ESG-focused funds face an uncertain outlook as managers’ research costs and equity impacts grow.
Inflows exploded during 2021, with assets in sustainable global funds doubling between April and September, when they reached $3.9 trillion, according to data from consultancy Morningstar.
In December, the main shares of the 20 largest ESG funds, which together manage US$ 340 billion (R$ 1.86 trillion) in assets, were from tech giants Microsoft, Alphabet (which owns Google) and Apple, according to Rumi Mahmood, vice president -president of ESG Research at MSCI.
But tech stocks have been taking a hit this year. This move fuels speculation that a more sustained turn towards value strategies is looming as the Fed begins to pull back on Covid-19-era stimulus.
“It’s going to be an important test for the industry. I’m not convinced that 100% of those who are buying sustainable funds are doing so purely for environmental and ethical reasons. Many are at it as ‘tourists’ because these were simply the best performing funds. “, said David McCann, equity analyst at Numis.
The Nasdaq Composit, an index focused on technology companies, had its worst start to the year in half a decade. It may be an isolated point, but a sustained shift in the market could be painful for ESG funds.

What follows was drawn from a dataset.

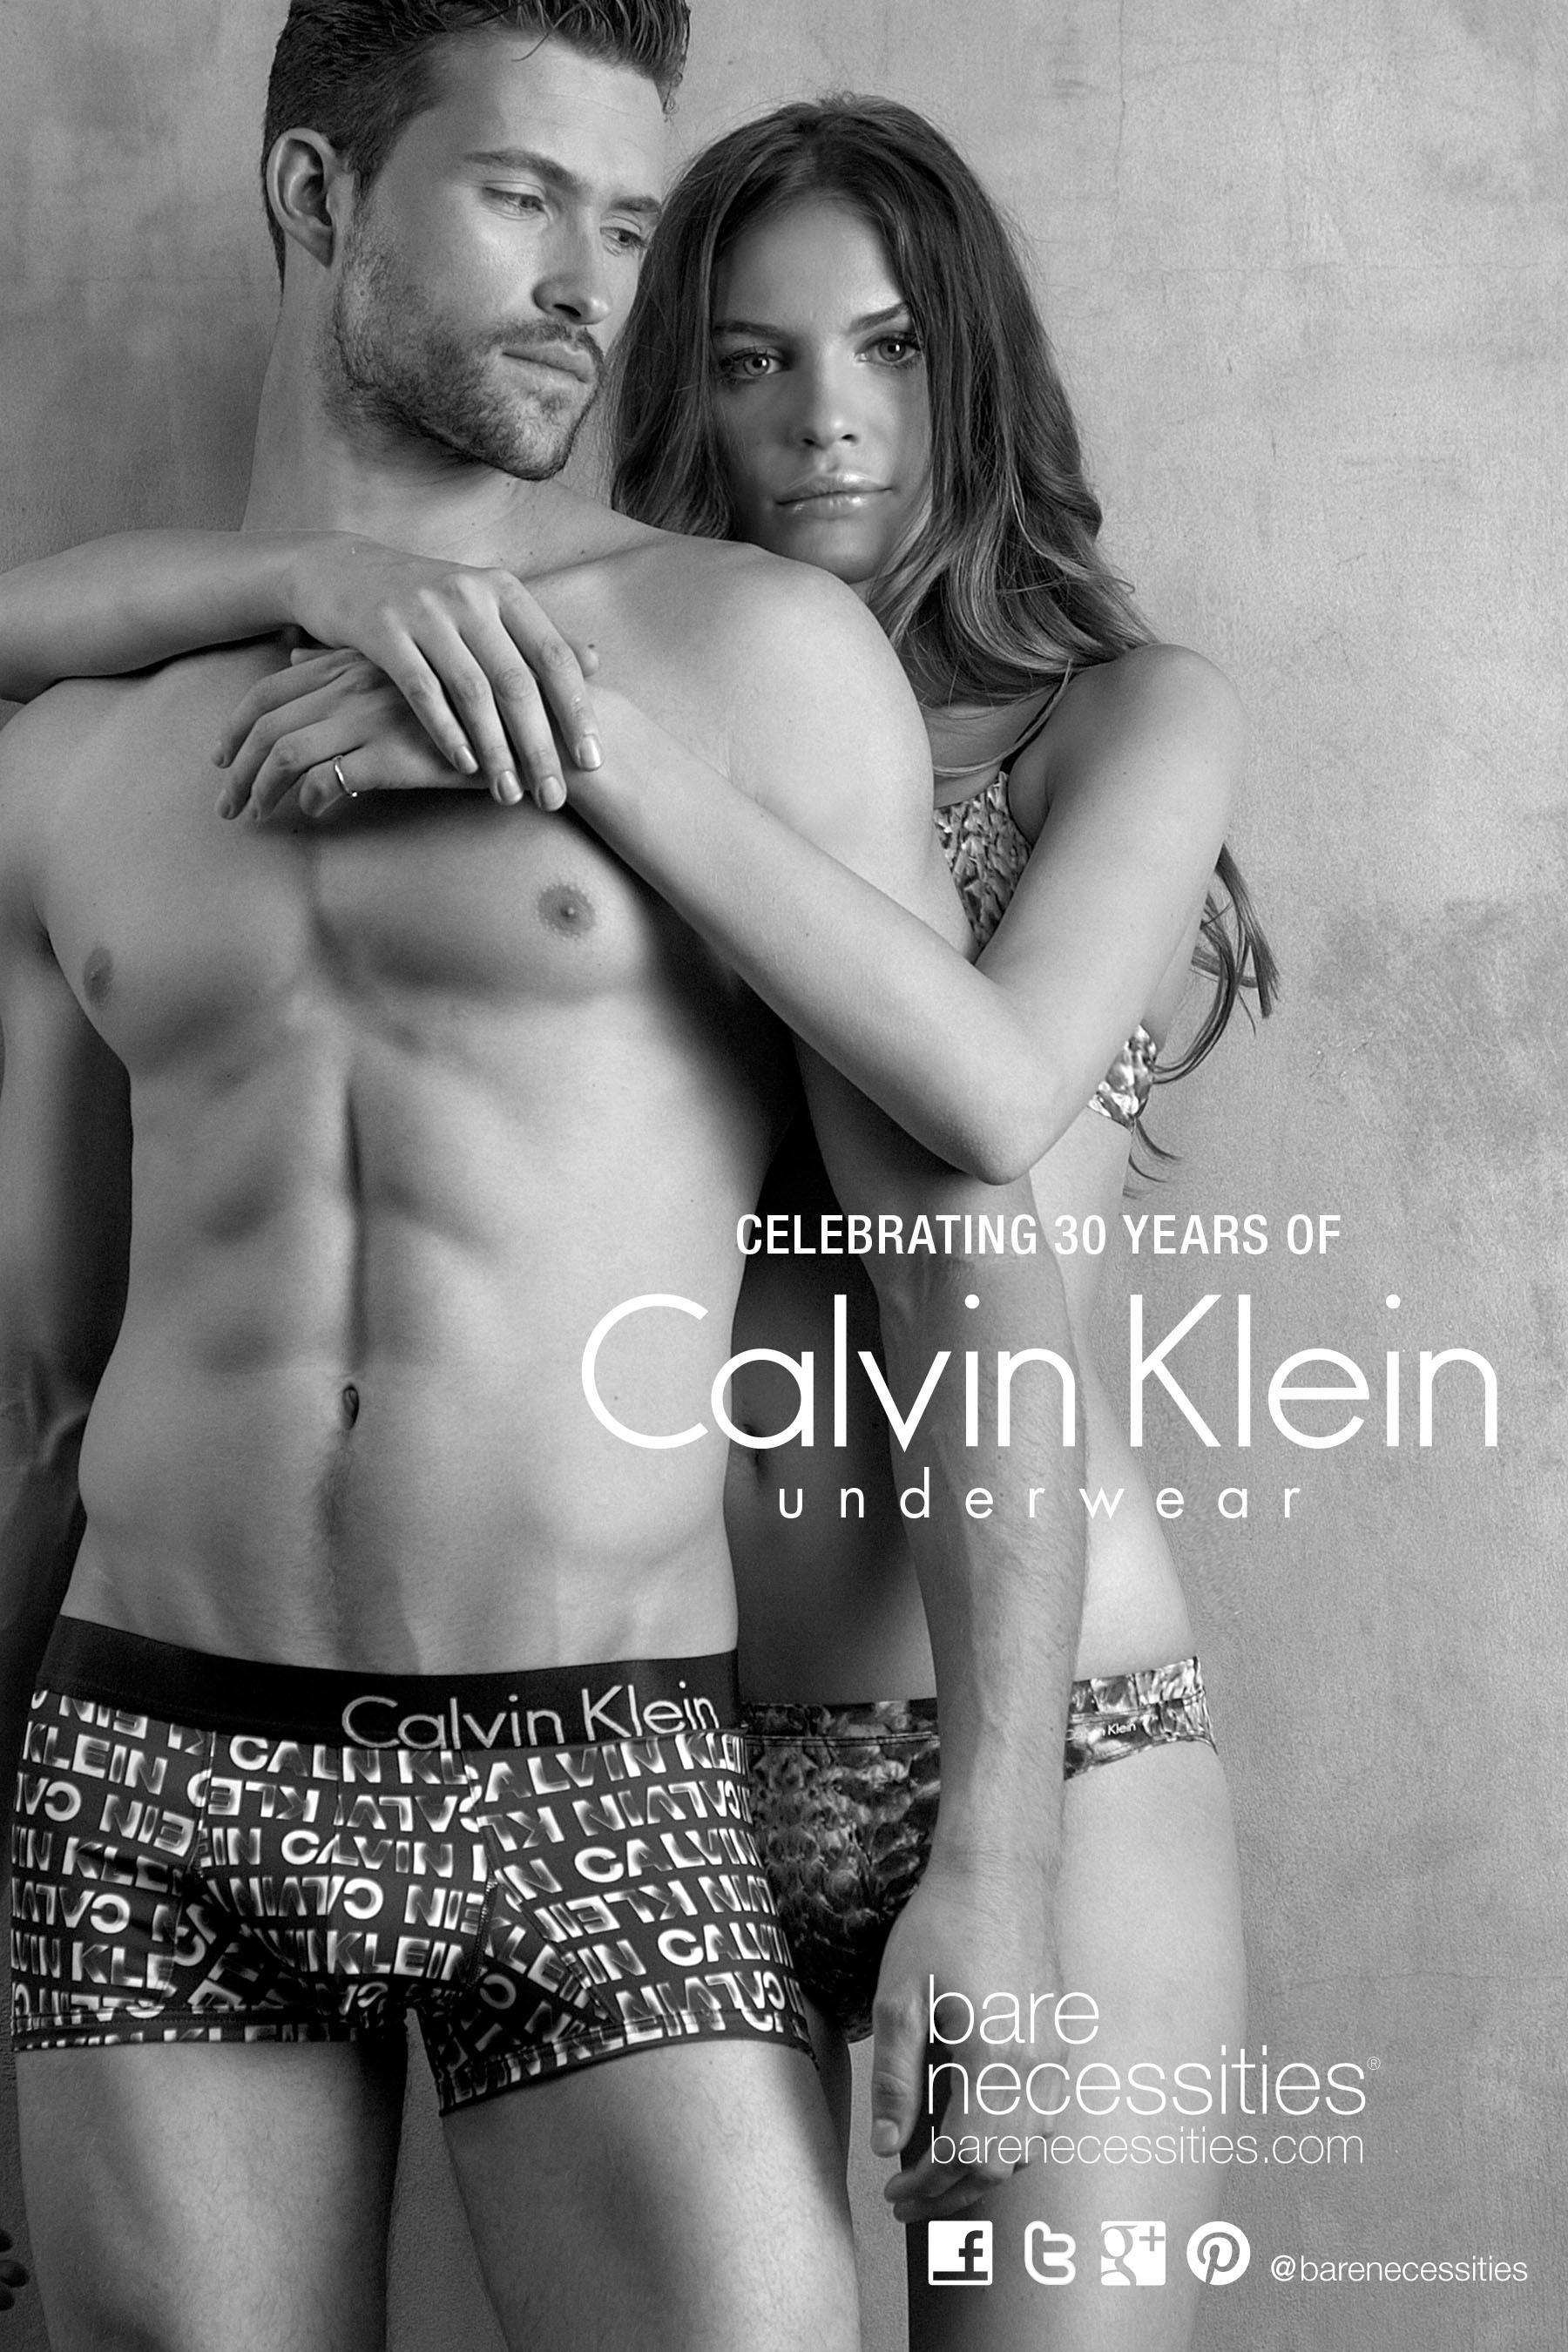 Bare Necessities Celebrates 30 Years of Calvin Klein Underwear

“Certain names are at the top: Microsoft, the rest of the big techs, big health plans… These stocks are trading higher, but if we turn around and rates go up, they’ll all be beaten. Banks and funds may do better, and those are often undervalued in ESG funds,” said Tom Mills, equity research analyst at Jefferies.
The shares of some more ESG-focused companies have been falling since the beginning of the year. The share price of London-based Impax has dropped 15% since early January, and Liontrust is down by about 14%.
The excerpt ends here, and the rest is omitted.